If I understand correctIy, you are aiming for filtering public DNS queries while wanting to preserve your existing local hostname resolution.
Pi-hole does support this, and there would be two ways to address it.
a) configure Pi-hole as your router's upstream DNS server
Without Pi-hole, most routers will accept DNS queries from local clients, provide local hostnames as known, and forward any remaining DNS requests to its upstream DNS servers as provided by your ISP.
By replacing your router's upstream DNS servers with Pi-hole (and Pi-hole only), your router and clients behave just the same as before, while Pi-hole is providing it's filtering capabilities.
In this scenario, since only your router is asking Pi-hole for DNS resolution, Pi-hole will see all DNS traffic as originating from your router (apart from its own queries). You do not have the ability to attribute DNS queries to a certain device in Pi-hole's statistics.

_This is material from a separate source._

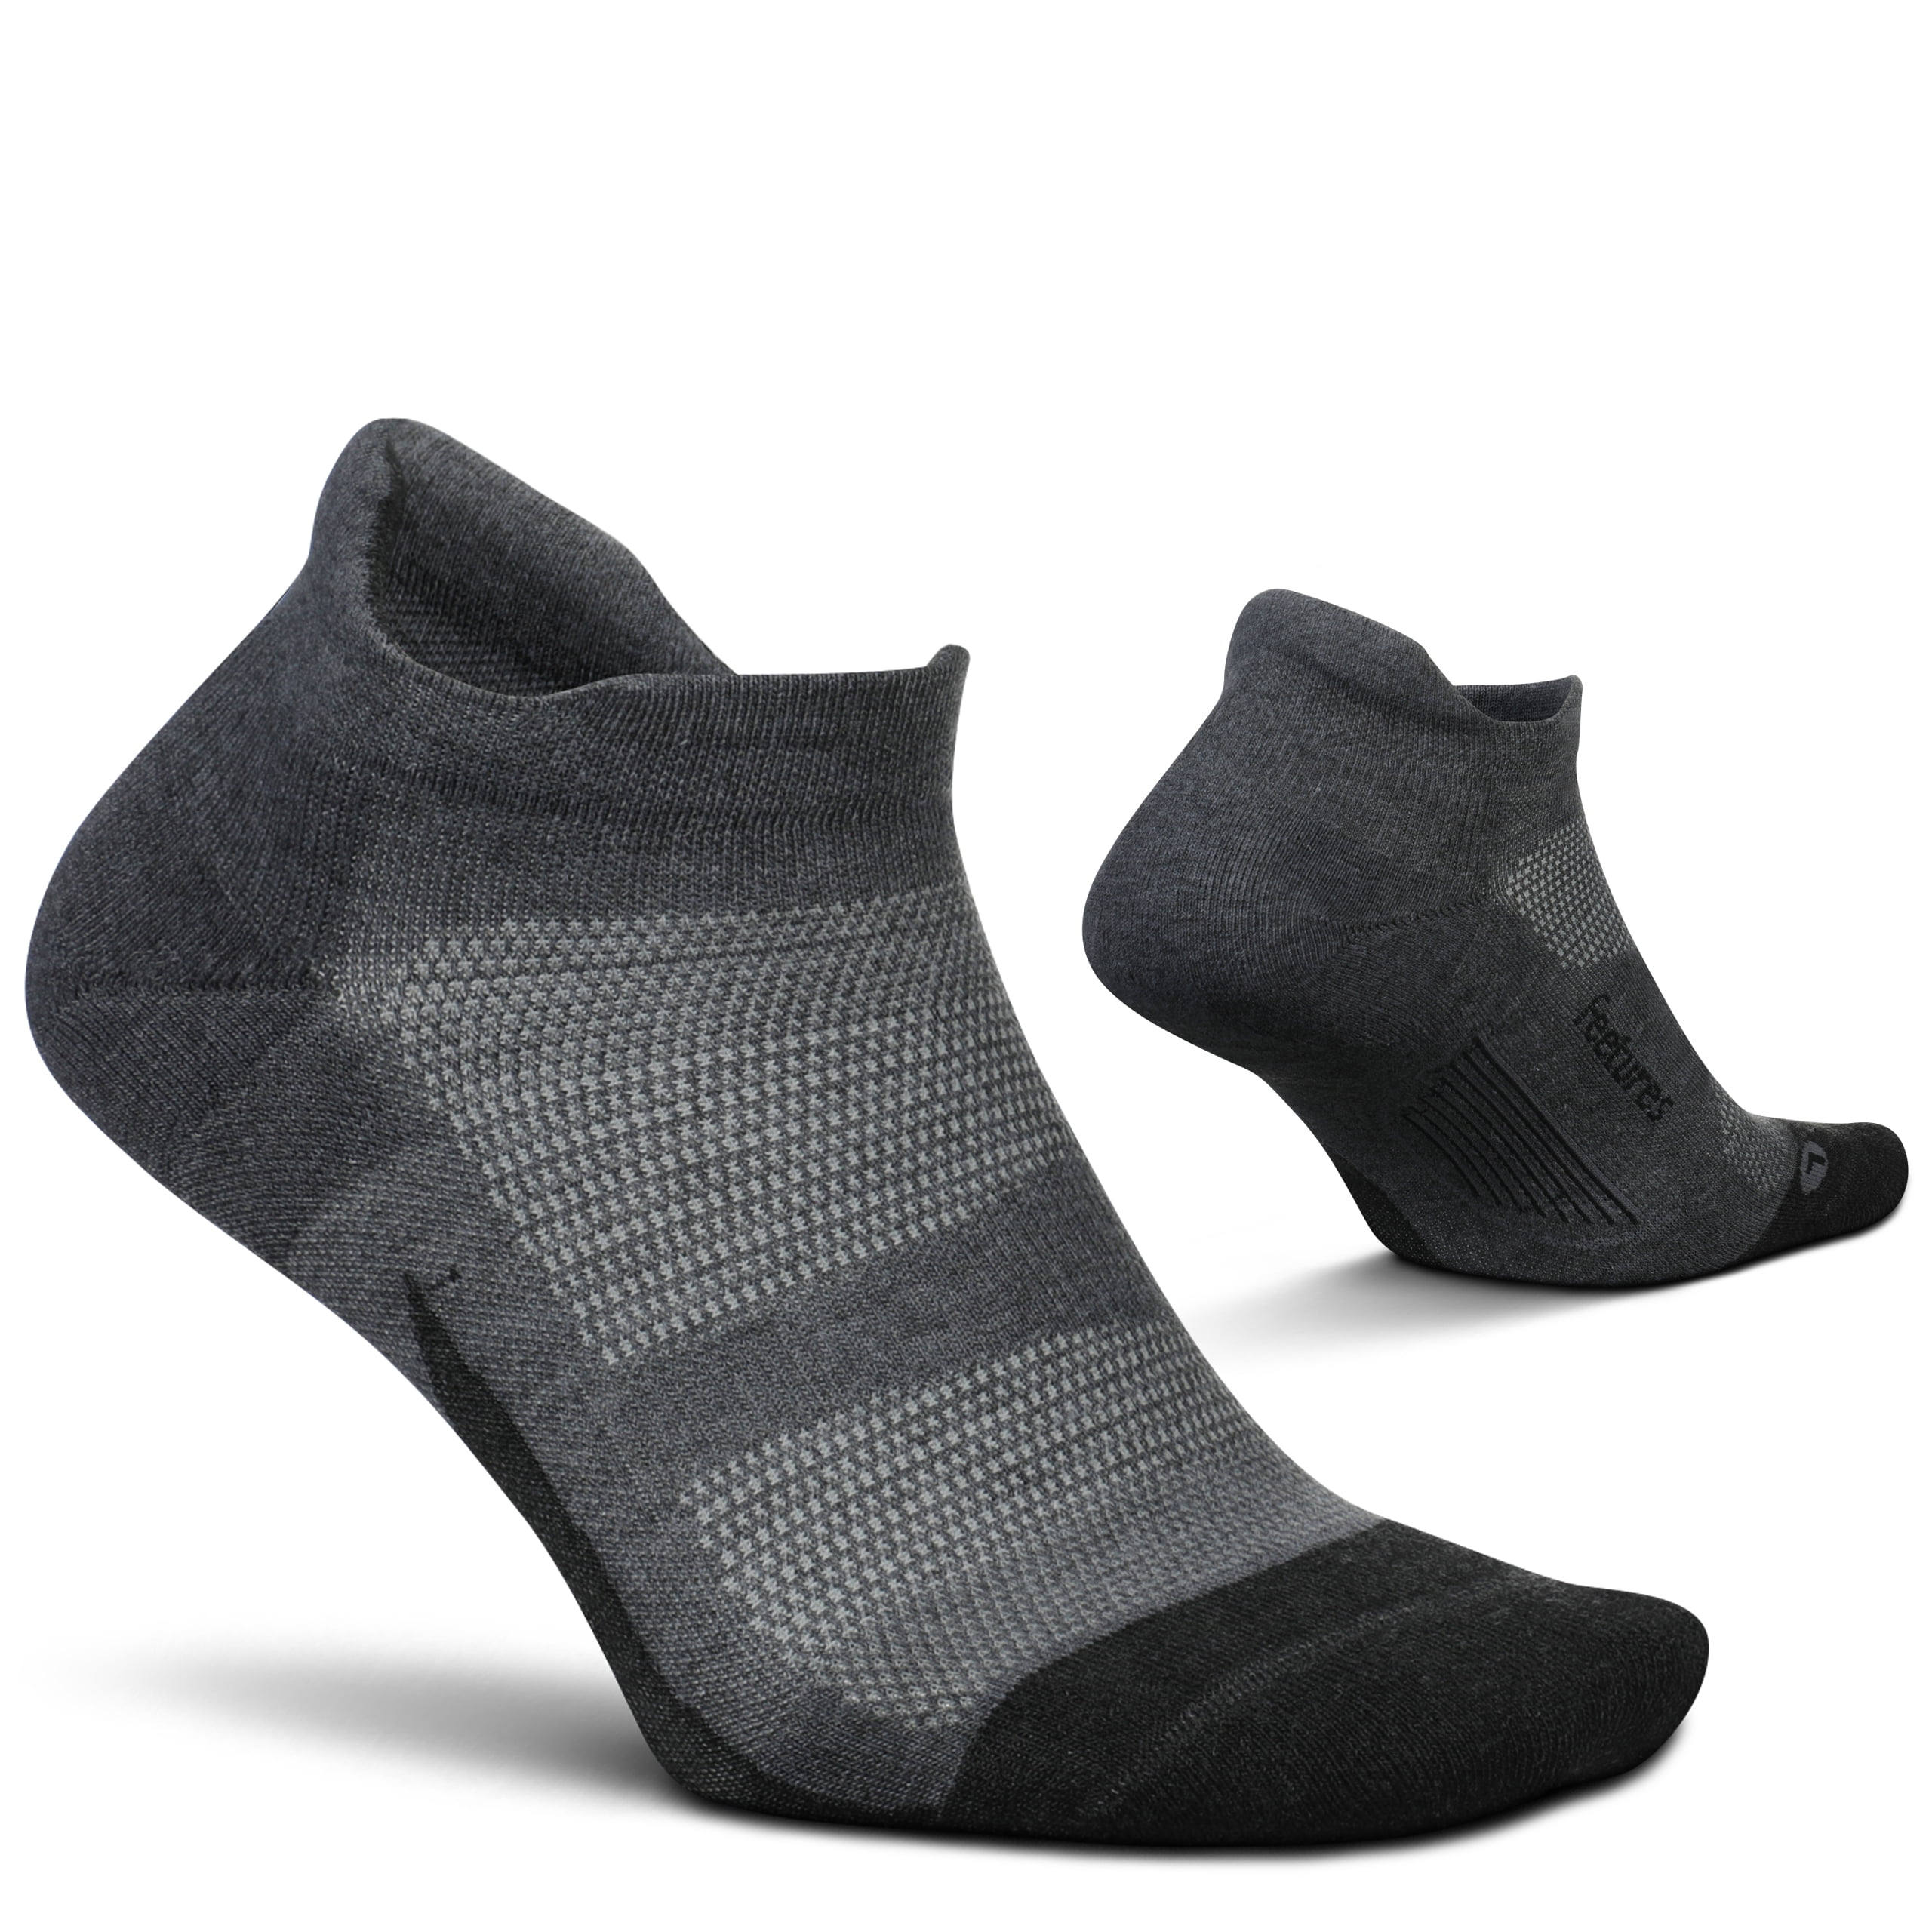 Feetures Elite Max Cushion No Show Tab Block- Running Socks for Men &  Women, Athletic Compression Socks, Moisture Wicking- Large, Black -  Walmart.com

b) distribute Pi-hole as local DNS server via your router's DHCP with respective configuration options
When successfully distributing Pi-hole this way, your clients will ask Pi-hole (instead of your router) for DNS resolution. Since Pi-hole is oblivious of local hostnames as assigned by your router, it will either come back with an empty answer straight away, or it will forward those queries to its upstream servers, which also would not know any of your private names.
There are two ways to overcome this:
b.1) use your router as Pi-hole's solitary upstream DNS server
If you do this, you also need to uncheck Never forward reverse lookups for private IP ranges on Pi-hole's Settings | DNS panel.
Depending on how your router handles names, you may also uncheck Never forward non-FQDNs.
b.2) enable Conditional Forwarding
In both cases, you must not configure your router to use Pi-hole as upstream DNS - that would close a DNS loop, likely incapaciting DNS.
In this scenario, Pi-hole's statistics will show individual clients (as distinguished by a DNS request's IP address) with their respective local names.